I assume that the position of your points are relative to the origin matrix, which you say can be translated/rotated.

Assuming all this is necessary, the new positions of your points are given by:

pos_newCoord = R^-1 * T^-1 * pos_oldCoord

What you’re doing is you’re taking your new origin, translating it back to the old origin, and unrotating it. Written another way:

newOrigin = myTranslation(myRotation(oldOrigin))
def newCoordinates(point):
    return inverse(myRotation)(inverse(myTranslation)(point))

You can pre-calculate the inverse operations, especially if you’re using 4d matrices.

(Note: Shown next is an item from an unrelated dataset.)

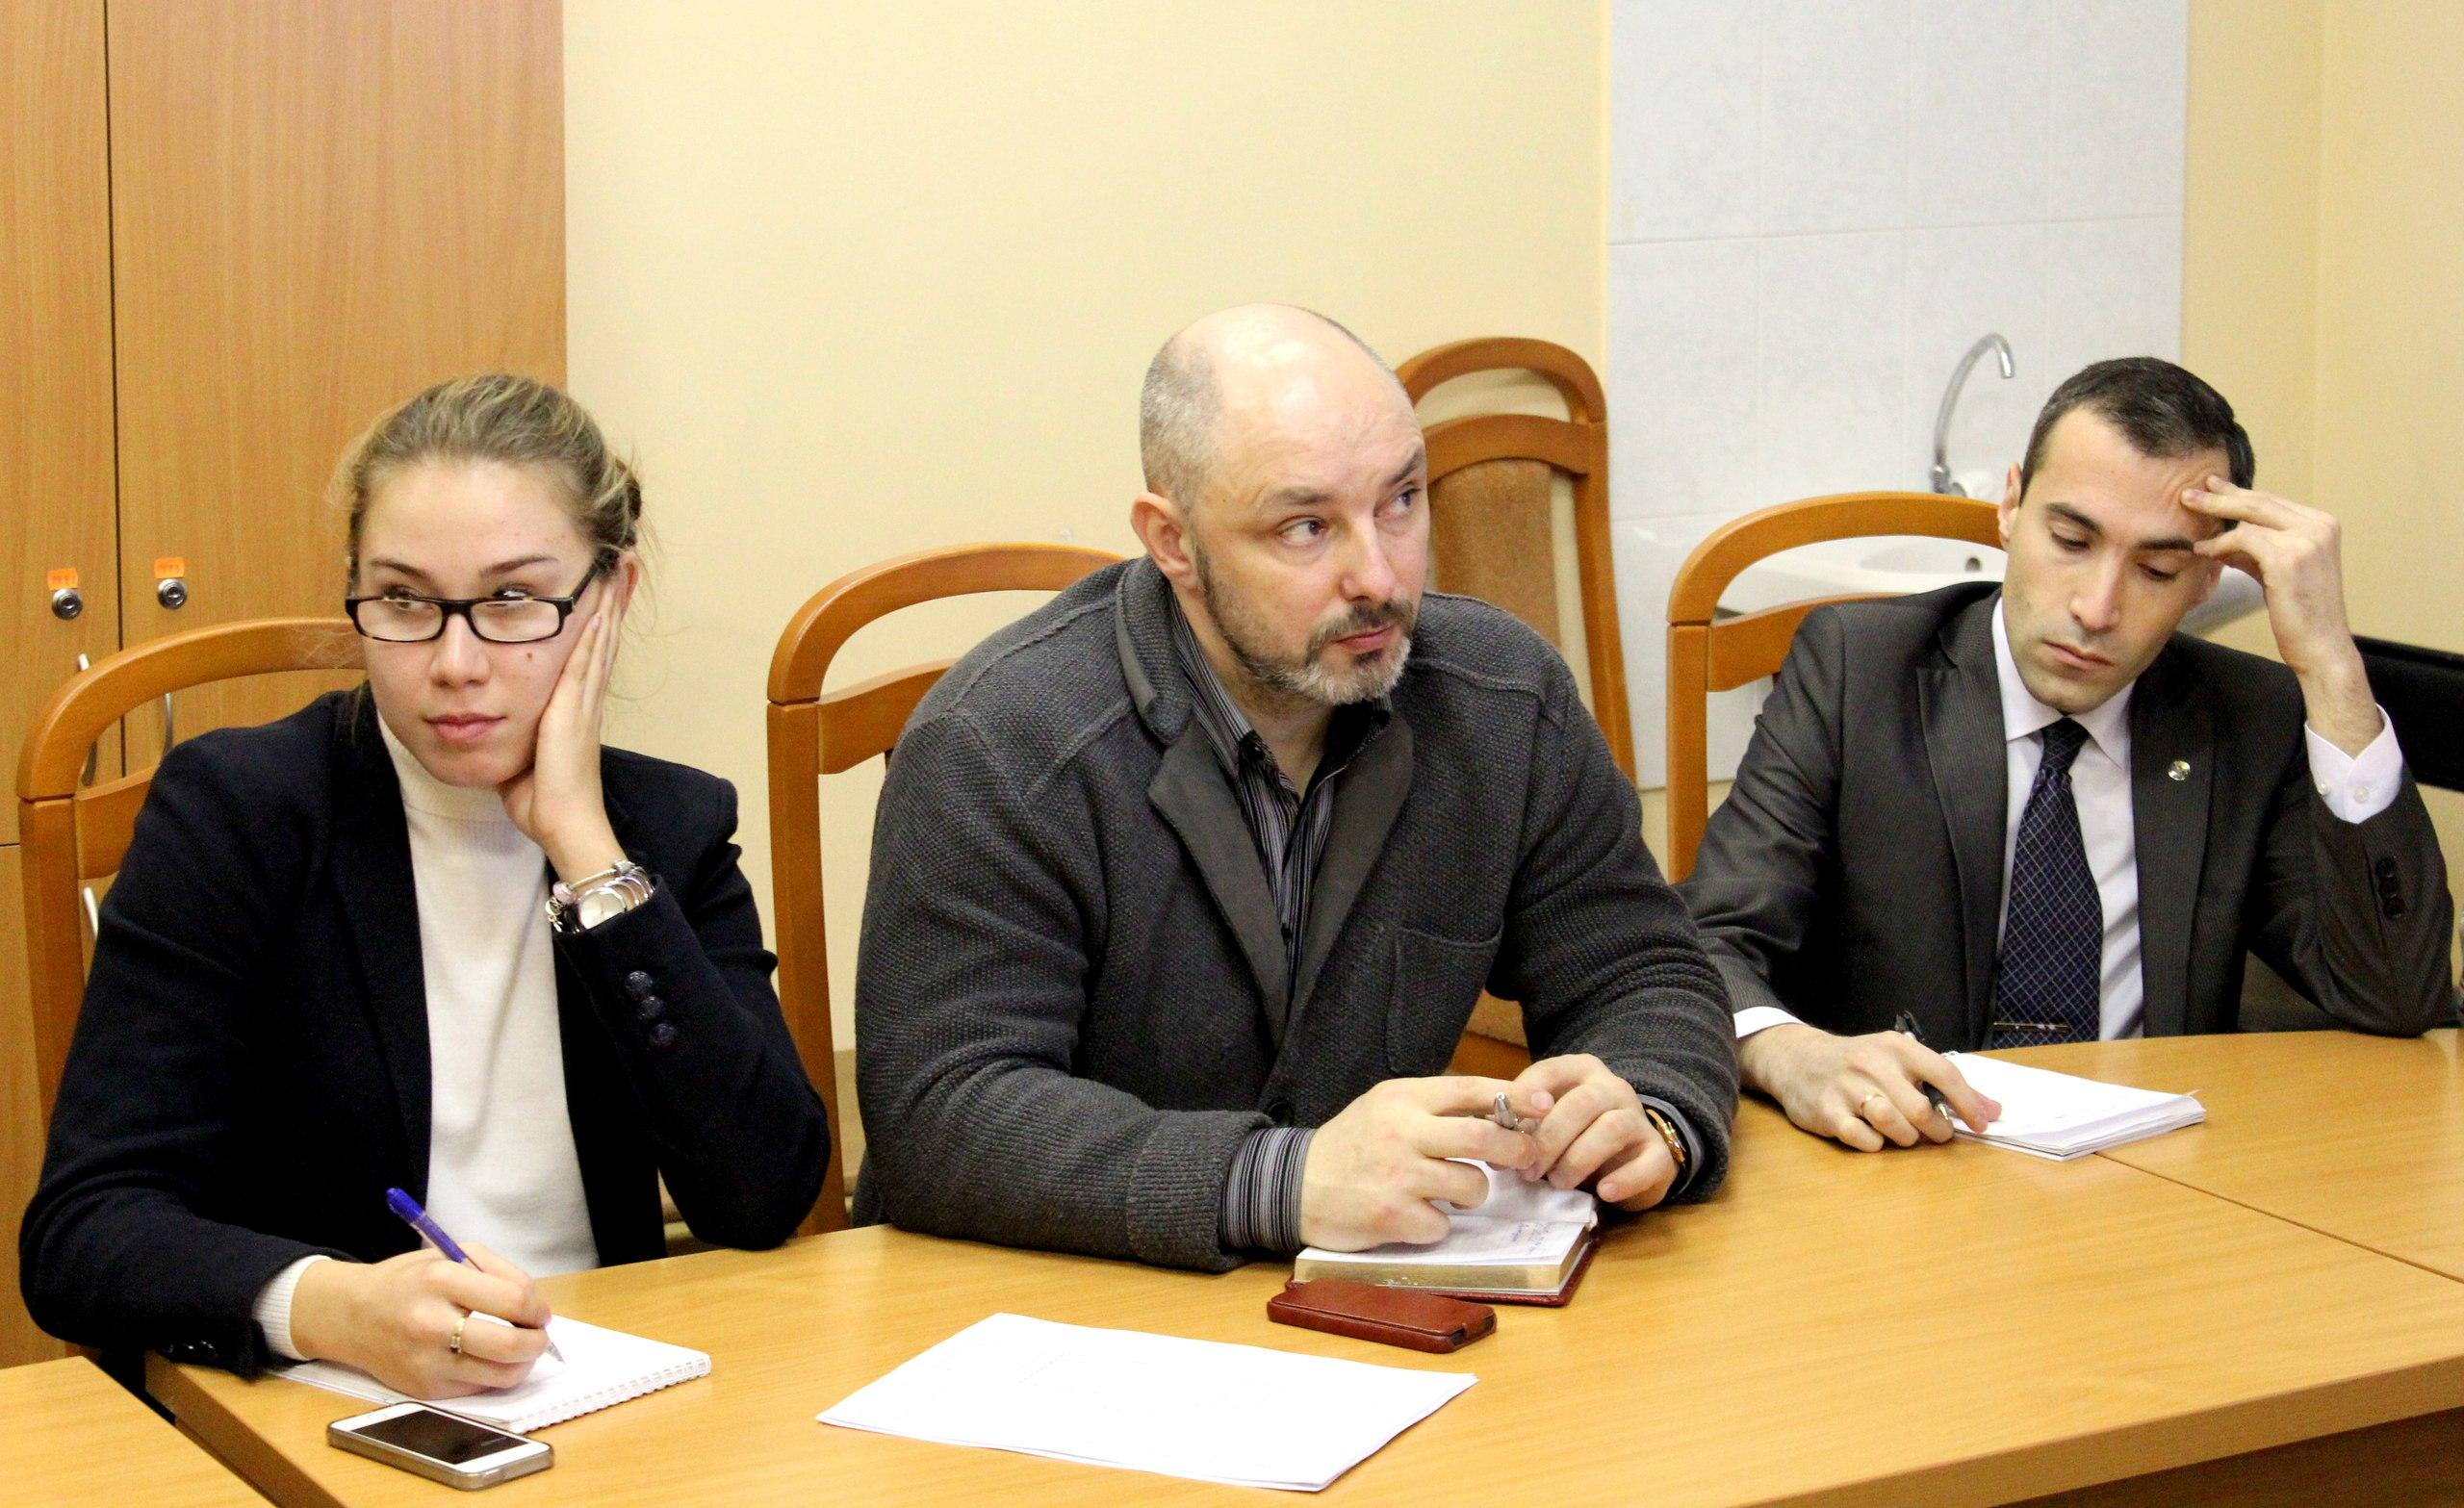 отчет председателя профкома на отчетно выборном собрании в общеобразовательной школе презентация

“how to determine the change in rotation and translation for the origin based around the changes of rotation and translation for the cameras?” –OP

If you are not told this information, you can recover it as follows. We’ll be using 4d points and a 4v4 affine transformation matrix ( en.wikipedia.org/wiki/Affine_transformation ).

• Take the any 4 cameras.
• Consider the original camera points vs their translated/rotated points.
• There’s probably a nicer linear algebra way to do it, but if you visit the Wikipedia link, we notice there’s a 3×3 submatrix A and a 3×1 submatrix b, and thus 12 unknowns. 4 points with 3 equations per point gives you 12 equations. There’s a solution because matrices of this form are invertible*. Solve using your favorite system-of-linear-equation solving technique, e.g. Gaussian elimination on a 12×12 matrix.